State of the Art of Innate Immunity—An Overview

The innate immune system is the first line of defense against bacterial and viral infections and sterile inflammation through the recognition of pathogen-associated molecular patterns (PAMPs) as well as danger-associated molecular patterns (DAMPs) by pathogen-recognition receptors (PRRs), and produces proinflammatory and antiviral cytokines and chemokines [1].

This Special Issue of Cells is devoted to many aspects of innate immunity and gives an overview of different DAMPs, immune cells, special mechanisms, and therapeutic options for treating diseases related to chronic inflammation or infections.

One of the well-known DAMPs is the high-mobility group box 1 protein (HMGB1), which is either passively released by dying cells or actively secreted by immune and other cells and was described as implicated in both stimulating and inhibiting innate immunity. Andersson et al. reported that the pro- and anti-inflammatory activities of HMGB1 depend on post-translational modification of its disulfide bonds by binding to different extracellular cell surface receptors either directly or as a cofactor of PAMPs [2].

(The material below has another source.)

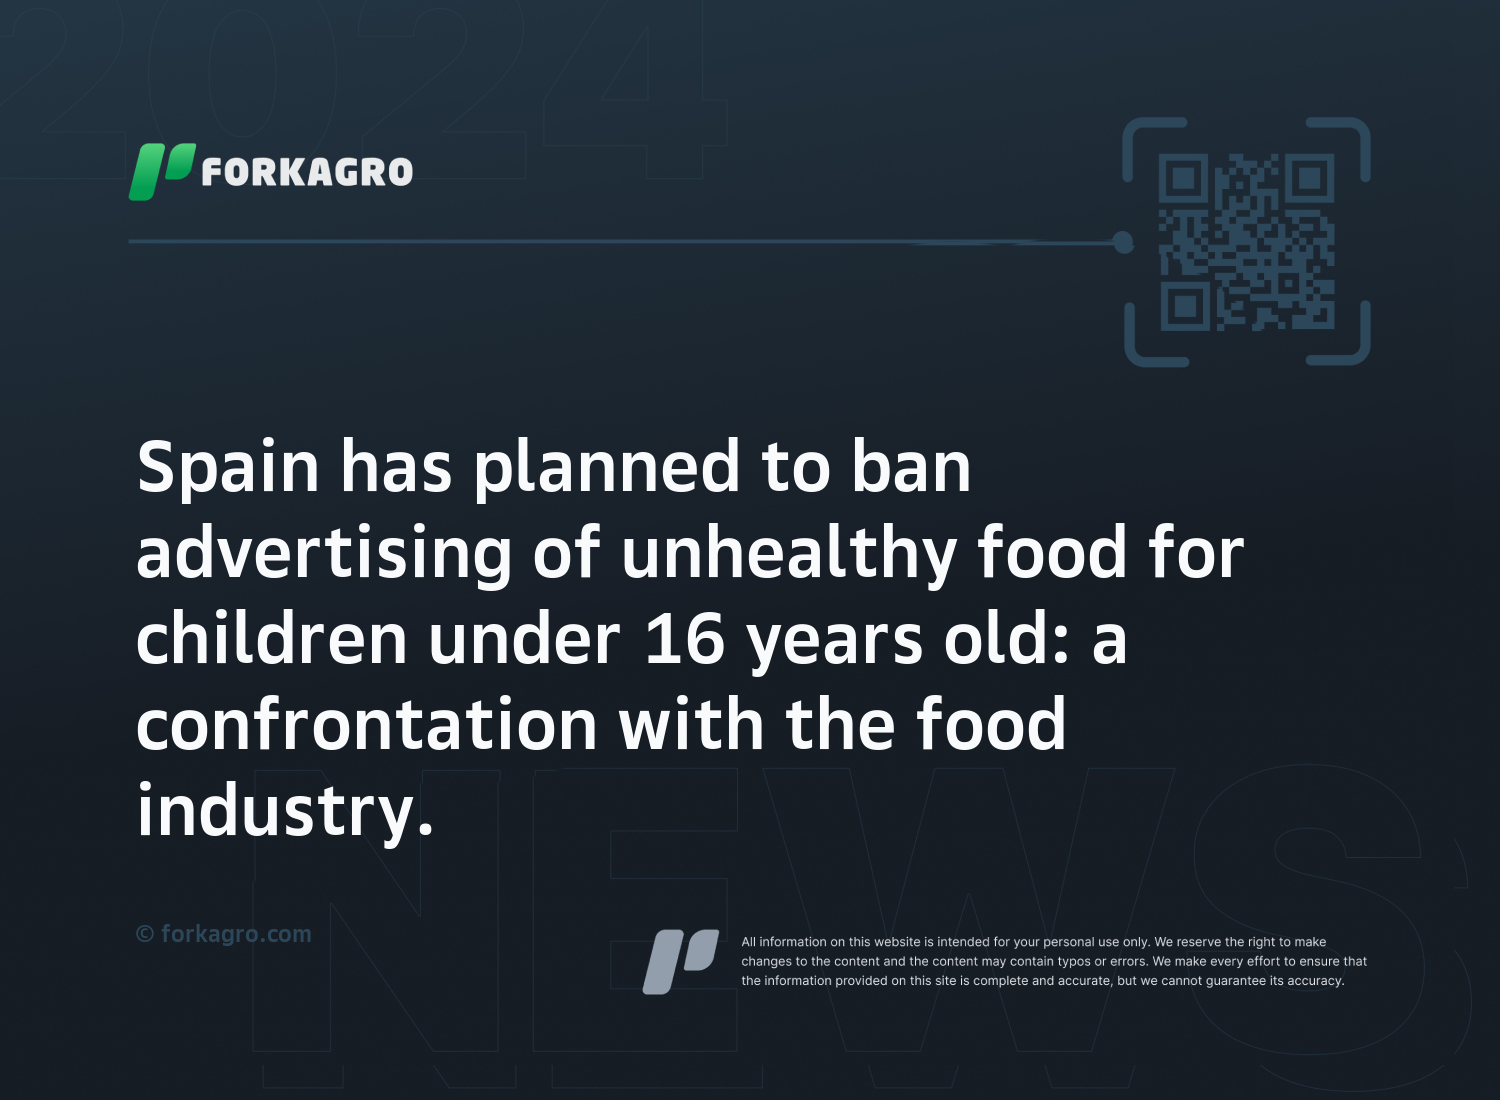 Spain has planned to ban advertising of unhealthy food for children under 16 years old: a confrontation with the food industry.

Another DAMP, extracellular ribosomal RNA, which is released under pathological conditions from damaged tissue, acts synergistically with Toll-like receptor 2 ligands, inducing the release of cytokines in a nuclear factor kappa B-dependent manner in vitro as well as in vivo. Grote et al. suggest that extracellular RNA might sensitize Toll-like receptor 2 to enhance the immune response under pathological conditions and therefore might serve as a new target for the treatment of bacterial or viral infections [3].

Arnholdt et al. demonstrate that cells related to innate immunity and influencing immunoregulatory and inflammatory processes, such as gamma delta T cells, play an important role in angiogenesis and tissue generation. By using a femoral artery ligation model in mice, depletion of this subset of T cells was demonstrated to impair angiogenesis, increase the number of leukocytes and inflammatory M1-like macrophages, and promote the formation of neutrophil extracellular traps (NETs) [4].

The topic of autoinflammation is also covered in this Special Issue. The review of P. Georgel provides some examples of autoimmune/autoinflammatory diseases caused by the deregulated expression of type I interferons and interleukin-1β. The role of interleukin-1 and type I interferons and their crosstalk in autoinflammatory diseases such as rheumatic diseases are analyzed to reveal novel therapeutic opportunities [5].

Gullet et al. discuss the key components of programmed cell death pathways and highlight the plasticity of pyroptosis, apoptosis, and necroptosis as well as significant crosstalk among these pathways. The concept of PANoptosis, an inflammatory cell death pathway that integrates components of different cell death pathways and is implicated in driving innate immune responses and inflammation, is explained [6].

A review by Papendorf et al. provides a comprehensive overview of molecular pathogenesis disorders caused by proteostasis perturbations, and current knowledge of the various mechanisms by which impaired proteostasis promotes autoinflammation is summarized [7].

To investigate the crosstalk between coagulation and innate immunity, the effect of thrombin on macrophage polarization is investigated by Ukan et al. Results demonstrate that thrombin induces an anti-inflammatory phenotype in macrophages, which shows similarities to as well as differences from the classical M2 polarization states regarding the expression of secreted modular Ca²⁺-binding protein [8].

To investigate insect innate immunity, the in vitro cultivation of primary hemocytes from D. Suzuki third-instar larvae is described by Carrau et al. as a valuable tool for investigating hemocyte-derived effector mechanisms against pathogens, particularly for the formation of extracellular traps [9].

Drugs such as ganciclovir and its pro-drug valganciclovir are often used to treat viremic patients transfected with, e.g., human cytomegalovirus (HCMV). Results from Landázuri now suggest that binding and signaling through endothelin receptor B (ETBR) is crucial for viral replication and that selected ETBR blockers inhibit HCMV infections [10].

Lin et al. report that albumin attenuates chronic liver diseases (CLDs) via alleviating inflammation of Kupffer cells caused by bacterial products, which might provide a compelling rationale for albumin therapy in patients with CLDs [11].